The Trust Factor: Legal Systems Under Scrutiny
A key factor shaping public opinion on capital punishment is trust or the lack of it in the legal system.
In many countries, public institutions are plagued by corruption, prolonged trials, and systemic bias, especially against the poor, uneducated, or politically unconnected. As a result, some citizens support the death penalty in principle, but fear its misuse in practice.
A 2021 Afrobarometer report found that less than 40% of Africans trust their courts to deliver fair and impartial justice. In such a context, the irreversible nature of execution raises serious concerns.
Cases like Ken Saro-Wiwa in Nigeria, or Benedicto Kiwanuka’s political execution in Uganda, have become historical cautionary tales reminders that when the rule of law is weak, the death penalty can become a weapon rather than a safeguard.
The Media Effect: High-Profile Crimes and Emotional Swings
Another powerful influence on public sentiment is the media’s framing of crime and punishment. When high-profile murders, rapes, or armed robberies dominate headlines, public demand for swift justice including execution spikes dramatically.
In Ghana, the gruesome murder of a 10-year-old boy in a suspected ritual killing case in 2021 reignited calls for the death penalty to be enforced more decisively. Similar patterns have been observed in South Africa and Kenya, where media sensationalism fuels populist justice narratives.

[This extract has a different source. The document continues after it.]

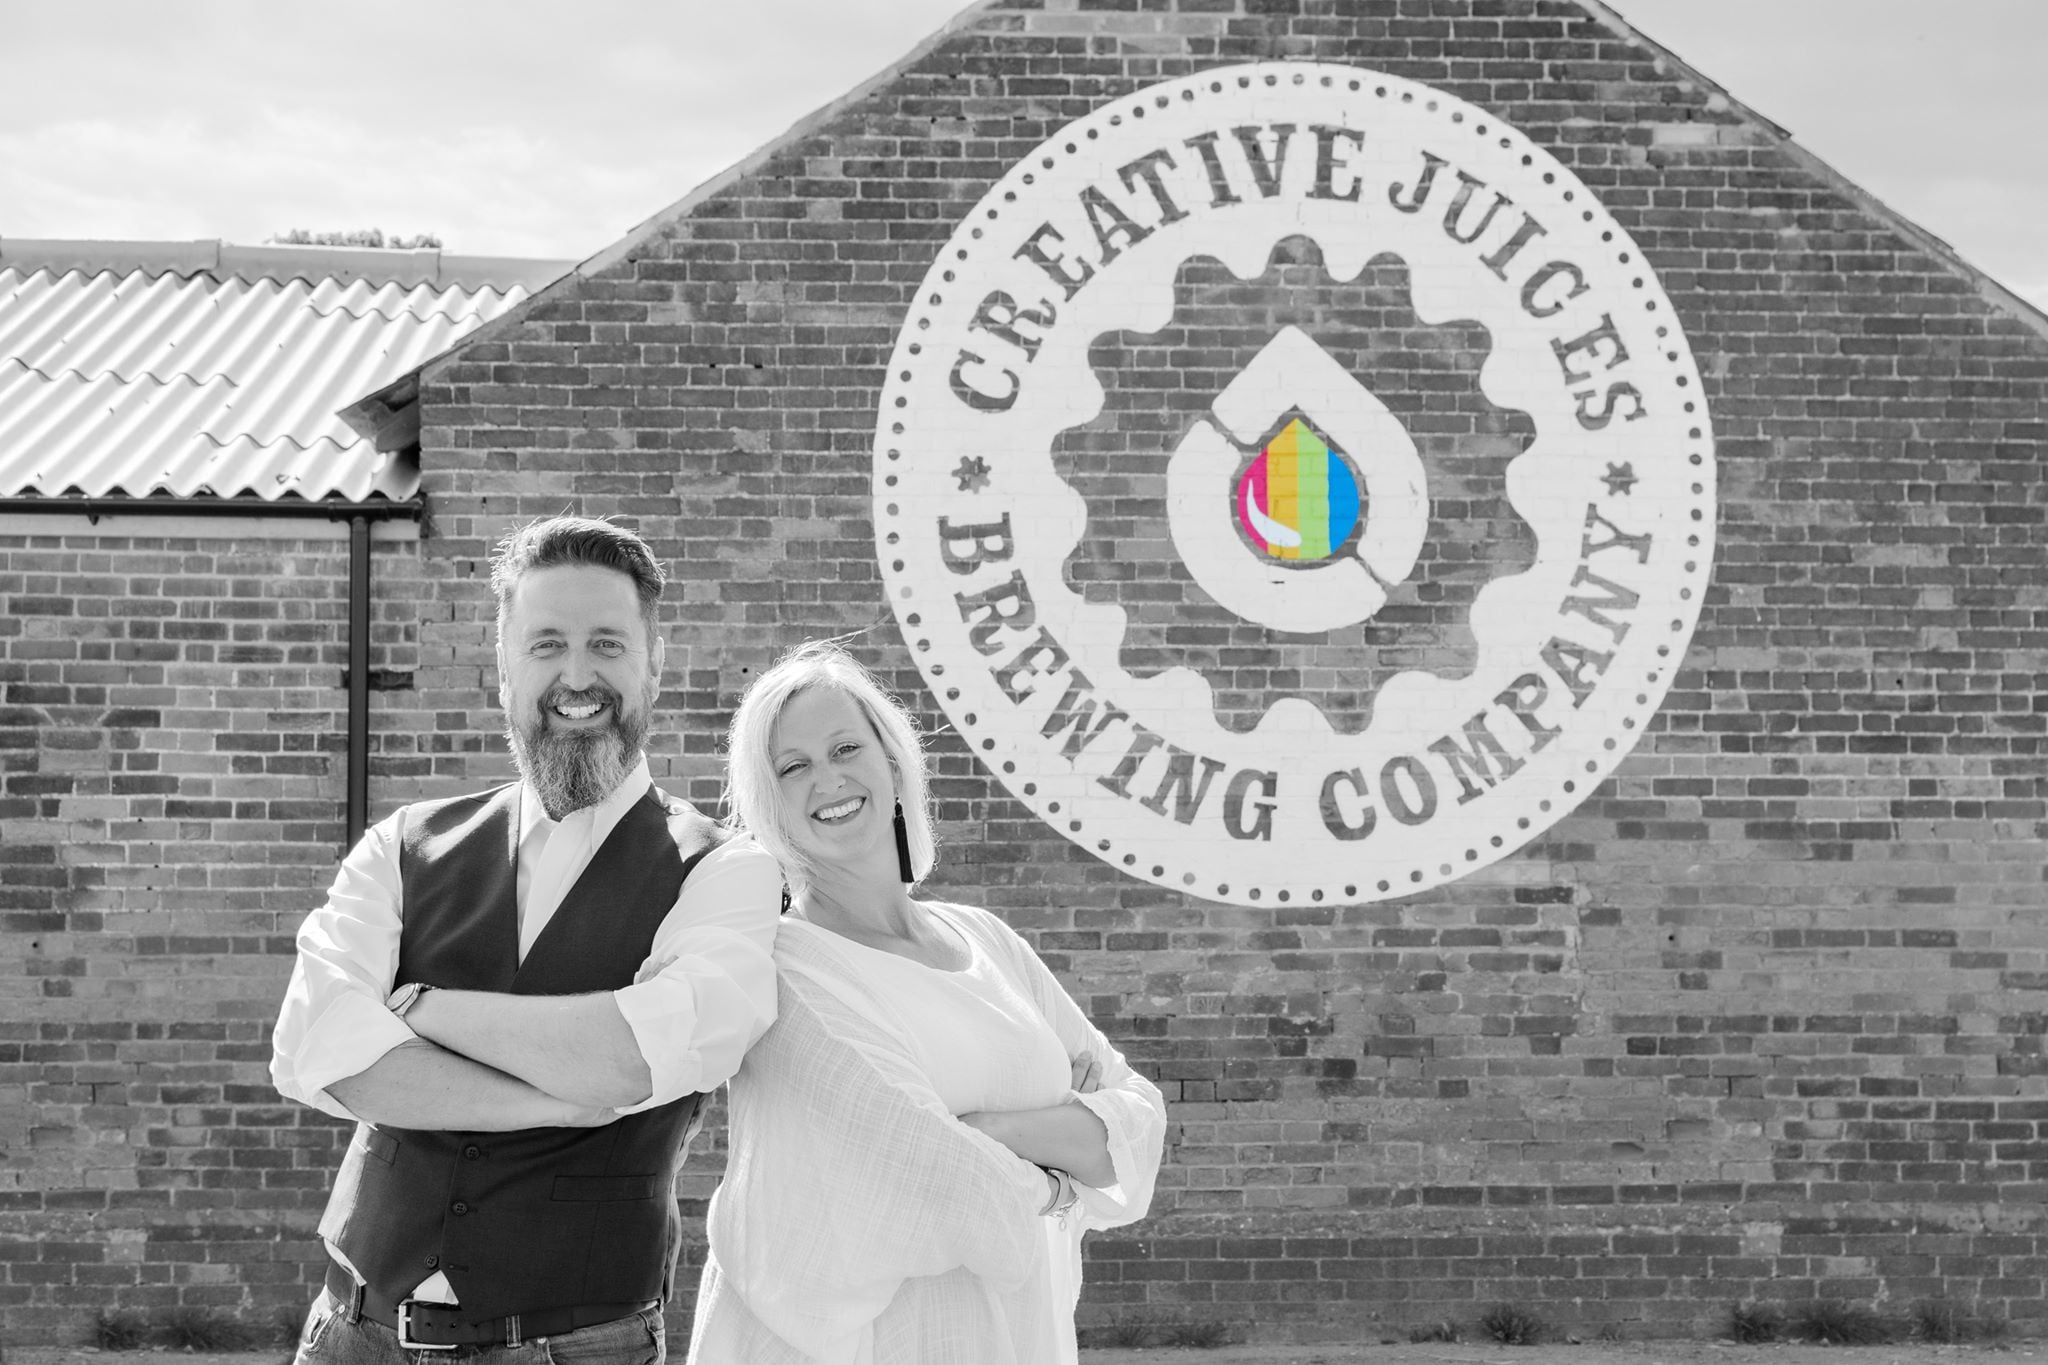 Creative Juices Brewing Company: Rickmansworth, Hertfordshire

However, in-depth reporting on wrongful convictions and prison conditions has also helped shift opinions, especially when victims of state injustice share their stories. NGOs and legal reformers are increasingly using documentaries, podcasts, and social media to highlight flaws in capital punishment systems and build momentum for change.

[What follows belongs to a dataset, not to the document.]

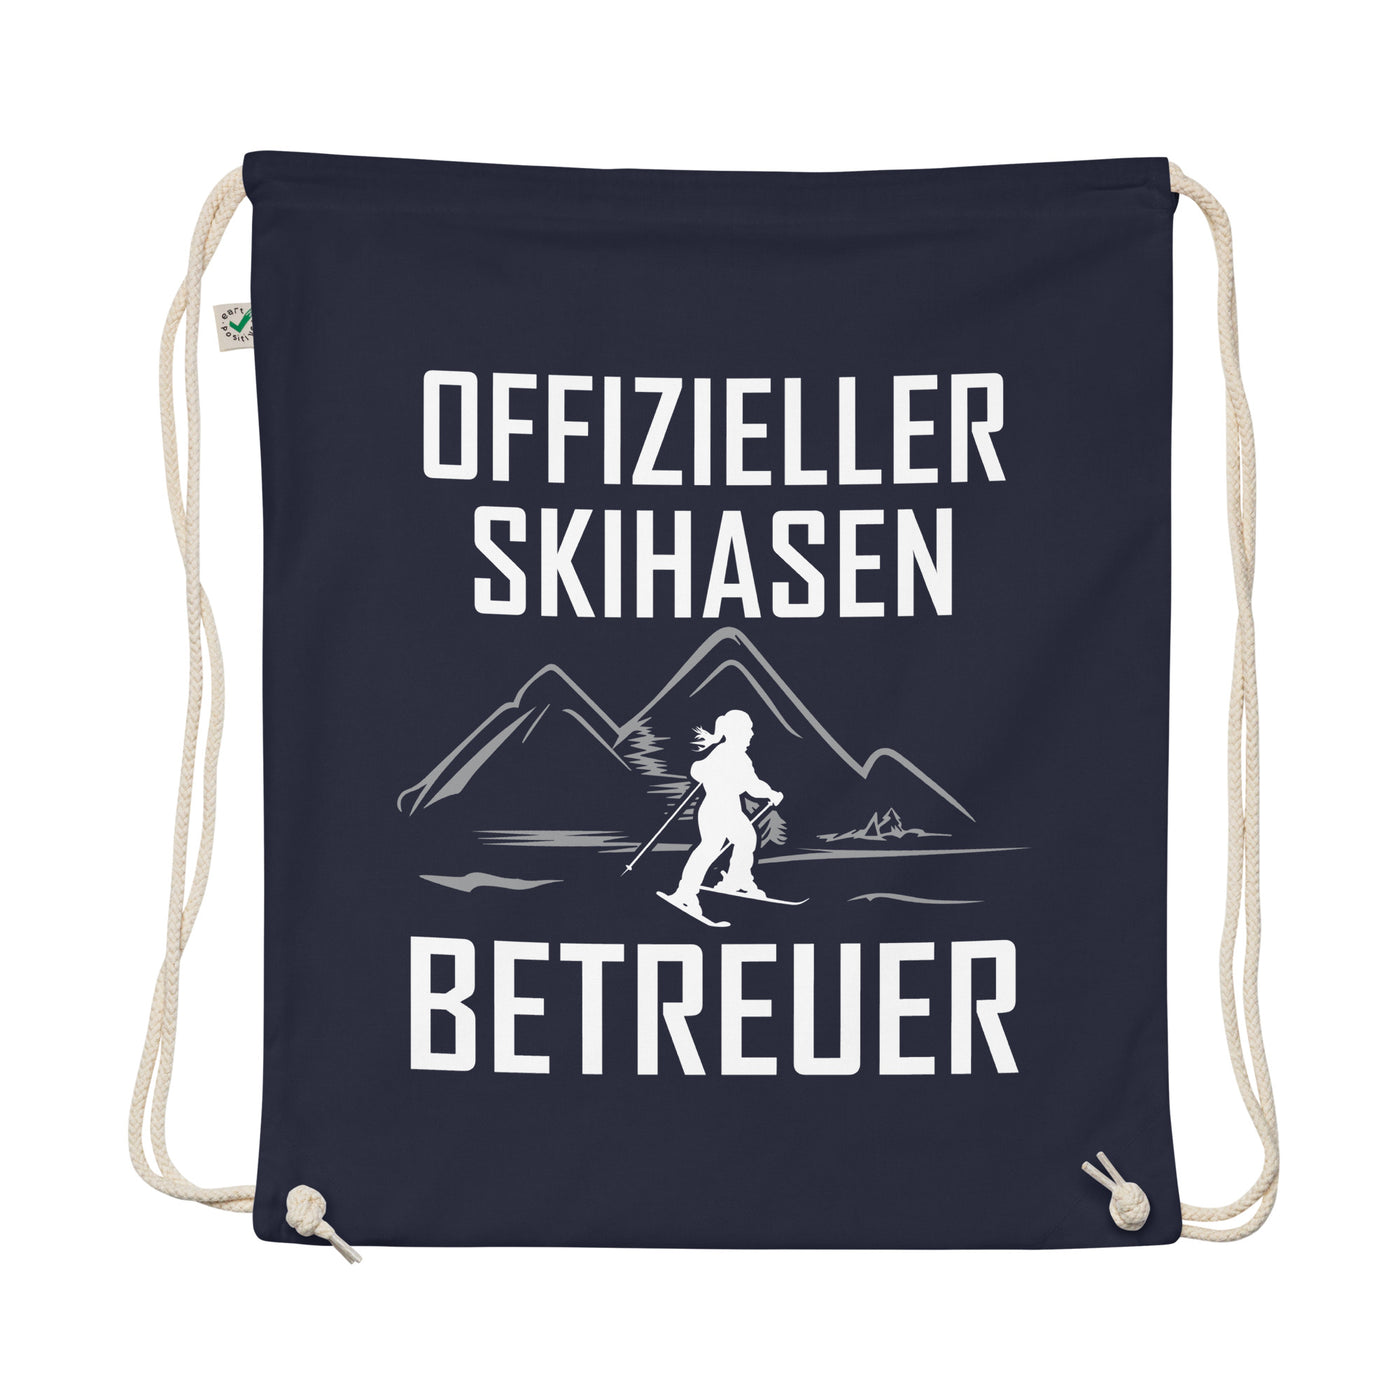 Skihasen Betreuer - Organic Turnbeutel ski

A Shifting Landscape: Civil Society and the Road to Reform
Despite widespread support for the death penalty in some regions, civil society organizations have made significant gains in reshaping public opinion particularly by connecting capital punishment to broader human rights issues.

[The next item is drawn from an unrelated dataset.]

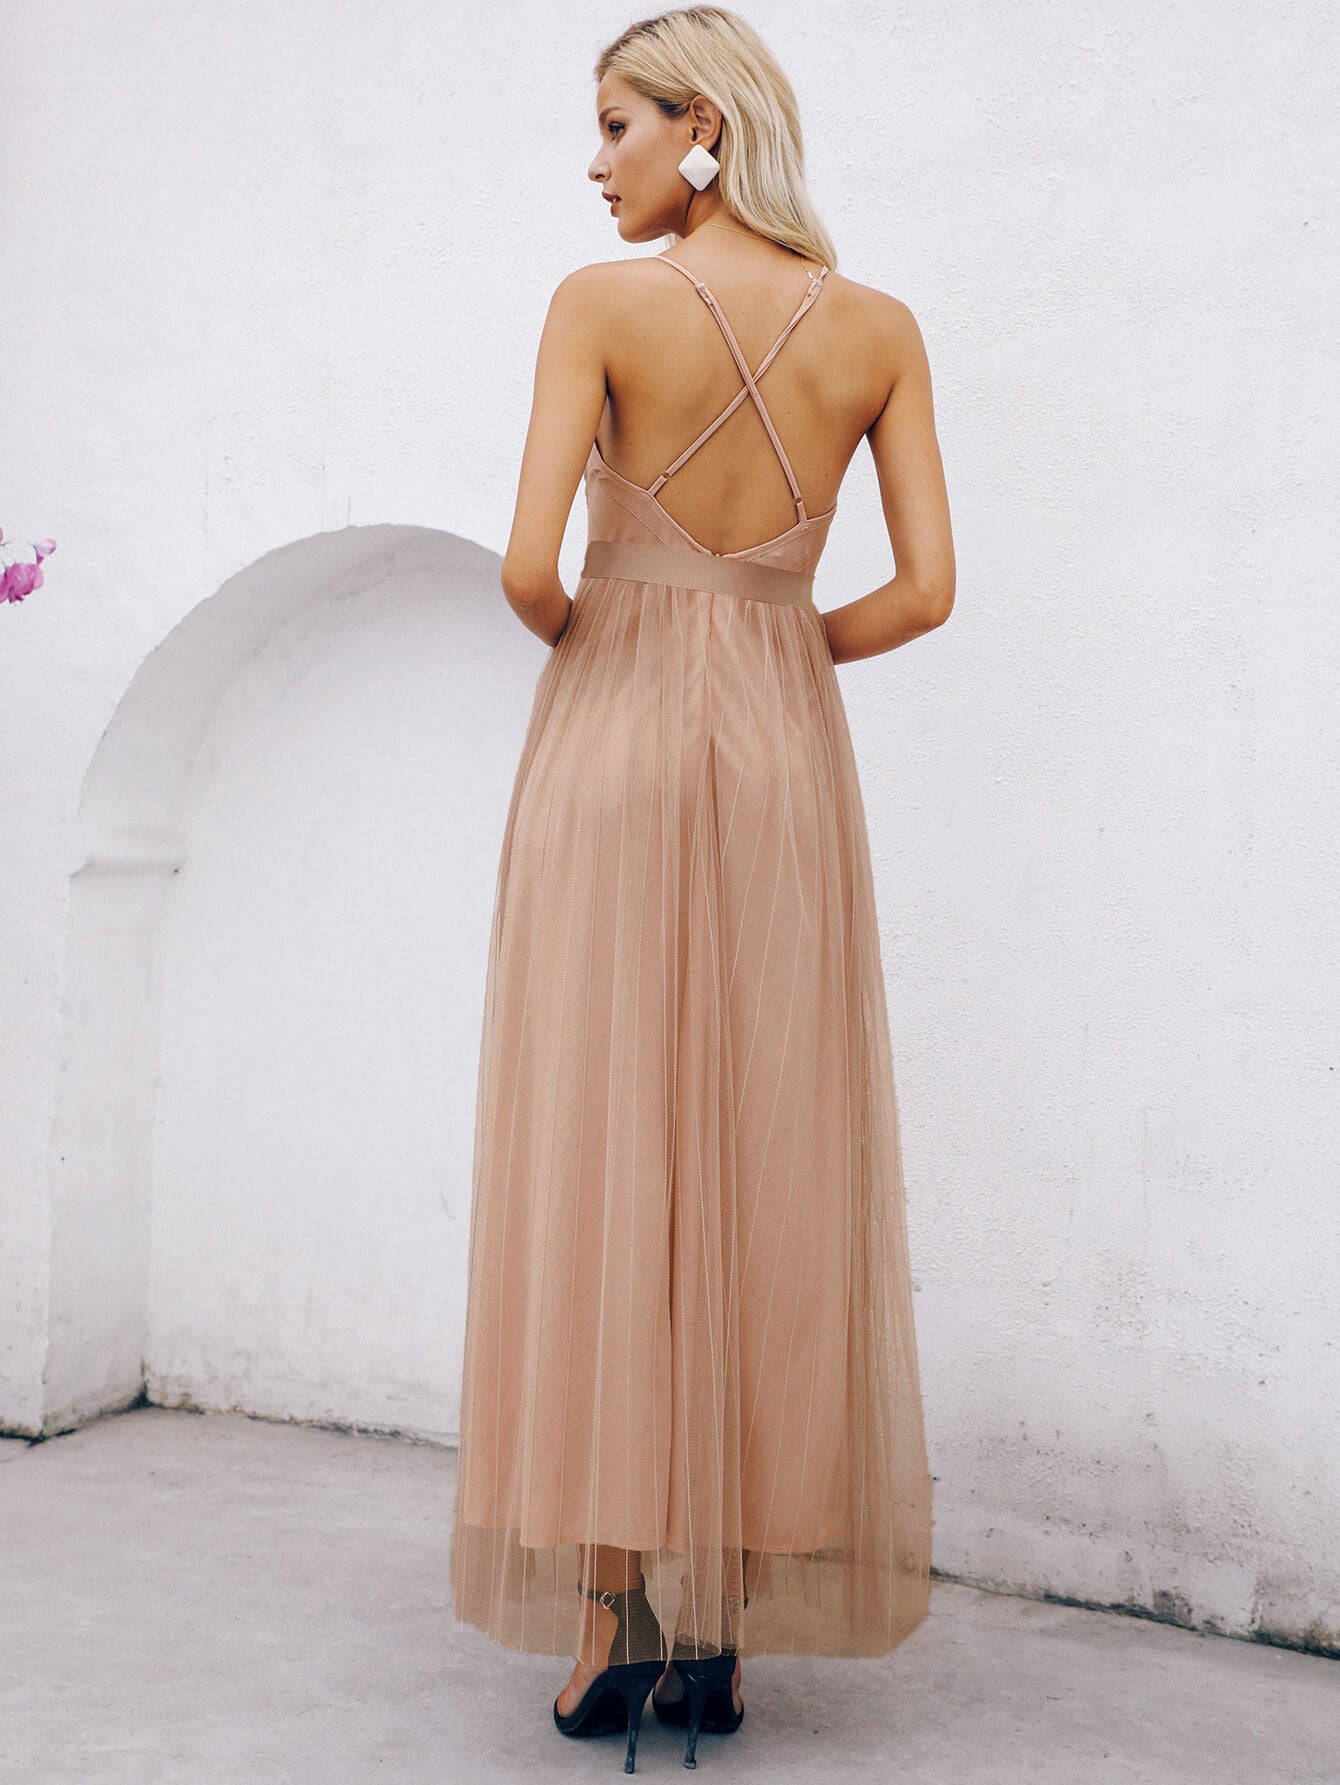 Long Tulle Dress | Plunge Neckline Dress | Classy Fashion Chic

Groups like Death Penalty Project Africa, Legal Resource Foundation (Zimbabwe), and PRI Africa have led public education campaigns, supported strategic litigation, and provided legal aid to those facing execution.
In Zambia, a coalition of lawyers, churches, and youth groups played a critical role in influencing government and parliament to abolish the death penalty in 2023. In Sierra Leone, the 2021 abolition followed months of advocacy that directly engaged communities on the risks of wrongful execution.
Public Will, Political Courage, and the Future of the Death Penalty in Africa
Public opinion in Africa on capital punishment is neither monolithic nor static. It is shaped by lived realities of crime, justice, and broken systems as well as by evolving values, global trends, and civic education.
For policymakers and reformers, understanding this complexity is essential. Capital punishment will not end in Africa simply because international actors demand it; it will end when Africans themselves believe there is a better path to justice.
That change is already visible. But to sustain it, Africa’s legal institutions must rebuild public trust, address the root causes of crime, and ensure that justice is not just swift but fair.